Kamuran Avcı ile uzun zamandır aramız bozuk.
Keza Burak Balaban’la da 3’üncü mektuptan sonra limoniyiz.
Bu durum, onların hakkını savunmayacağım anlamına gelmez.
Keza Kamuran, geçmiş dönemde aramın bozulduğu dostlarım gibi yavşaklık yapmadı.
Allah var delikanlı çıktı.
Ne bir iftira attı, nede arkamdan konuştu.
Bu ayrı mesele,
Biliyorsun Kamuran’ın yeni adliye binasının karşısında inşaatı var.

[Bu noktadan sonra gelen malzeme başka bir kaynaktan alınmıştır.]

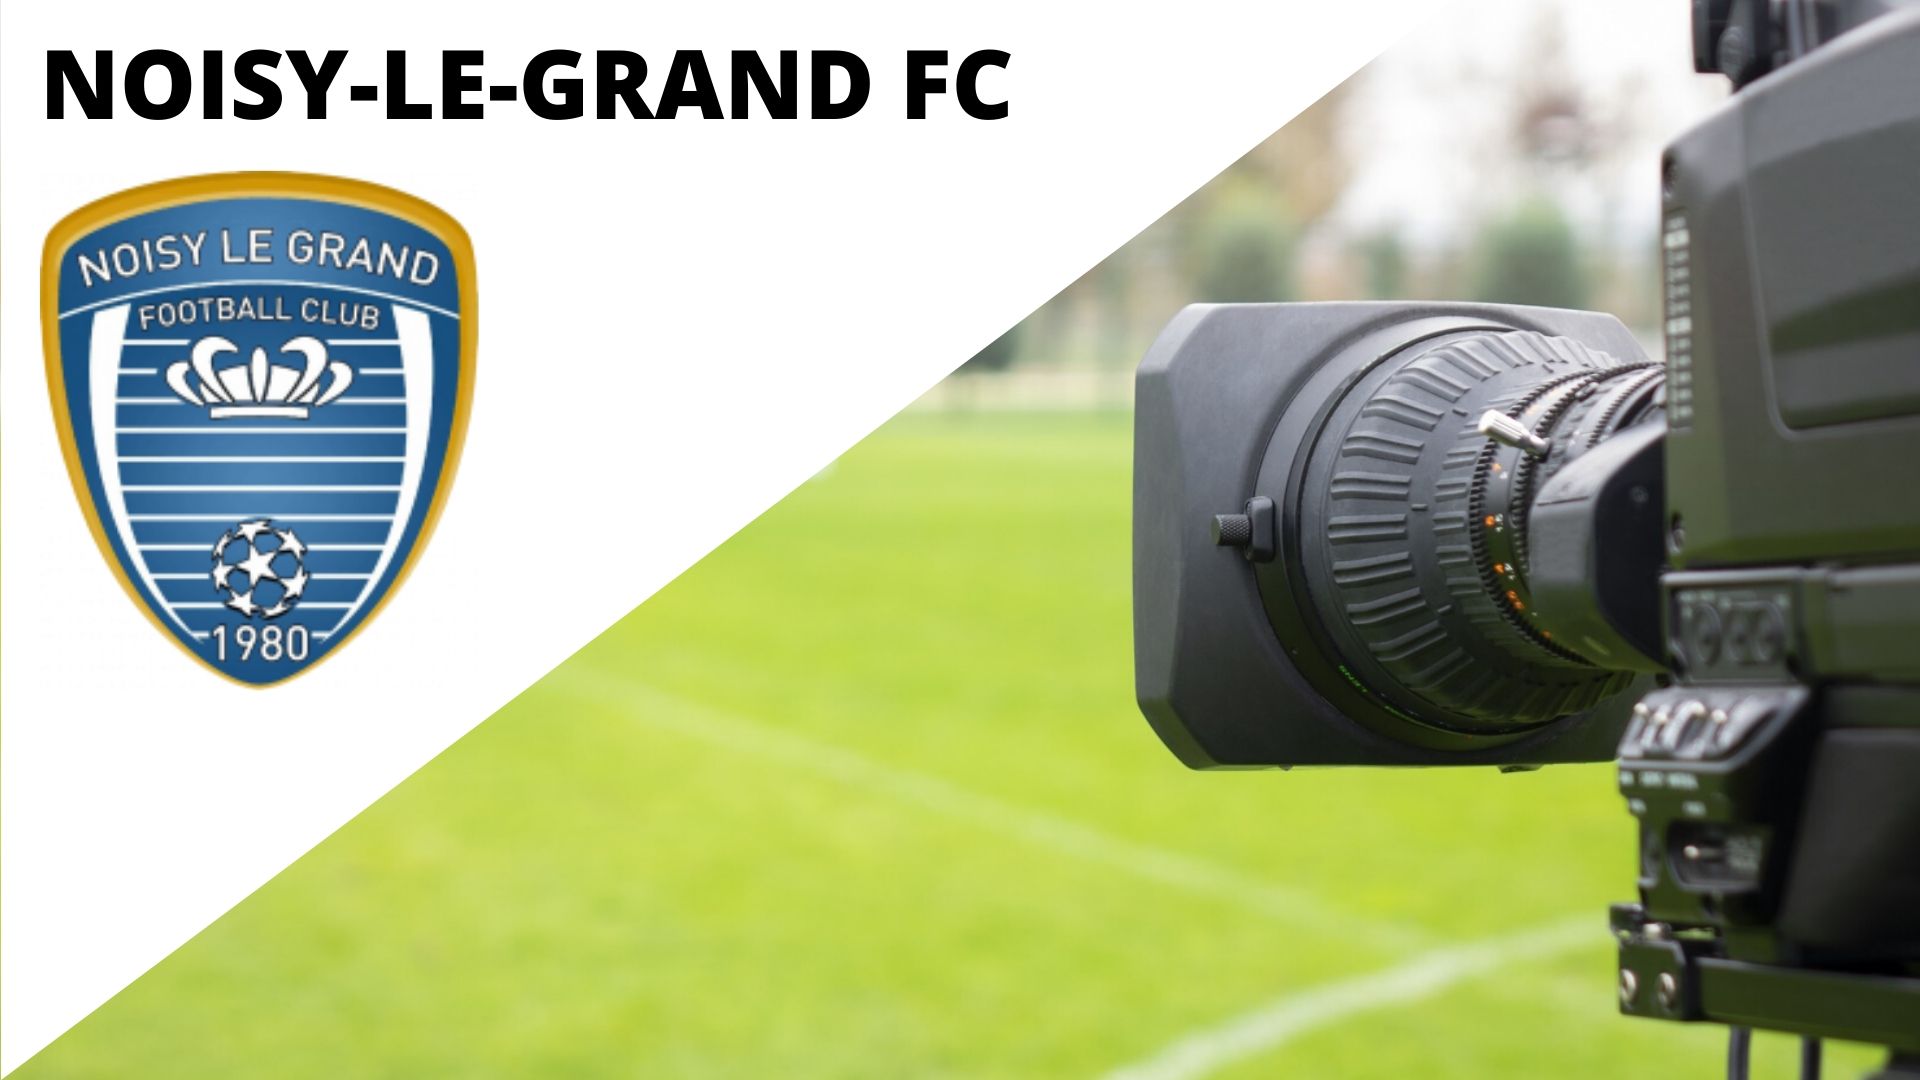 NOISY-LE-GRAND FC (93)

Kaç ay geçti yolları bir türlü yapılmıyor.
Sebep Ak Partili!
Burak ise kaç aydır hafriyat için izin alamıyor.
Sebep; Ak Partili!.
Arkada(s)im Ferudun her ikisine de ambargo koymuş.
Şimdi sen bana ne, Ferudun senin de arkada(s)in diyeceksin.
Deme!
Bu millet sana oy verdi, Ferudun’a değil.
İmarda CHP’lilerin, İYİ Partililerin işleri öyle güzel görülüyor ki,
Sıra Ak Parti ve MHP’lilere geldi mi?
40 dereden su getirtiyorlar, oda olmuyor.
***
Şimdi sözünde durur özür diler misin bilmem!
Sevgili Başkanım;
Anlayacağın, işler senin söylediğin gibi değil.
Belediyede particiliğin kralı yapılıyor.
CHP’li-İYİ Partili atını dağdan aşırıyor,
Ak Partiliye-MHP’liye düz ovada yolunu şaşırtıyorlar.
Beni bilirsin, lafımı esirgemem, kimseye hatır da etmem.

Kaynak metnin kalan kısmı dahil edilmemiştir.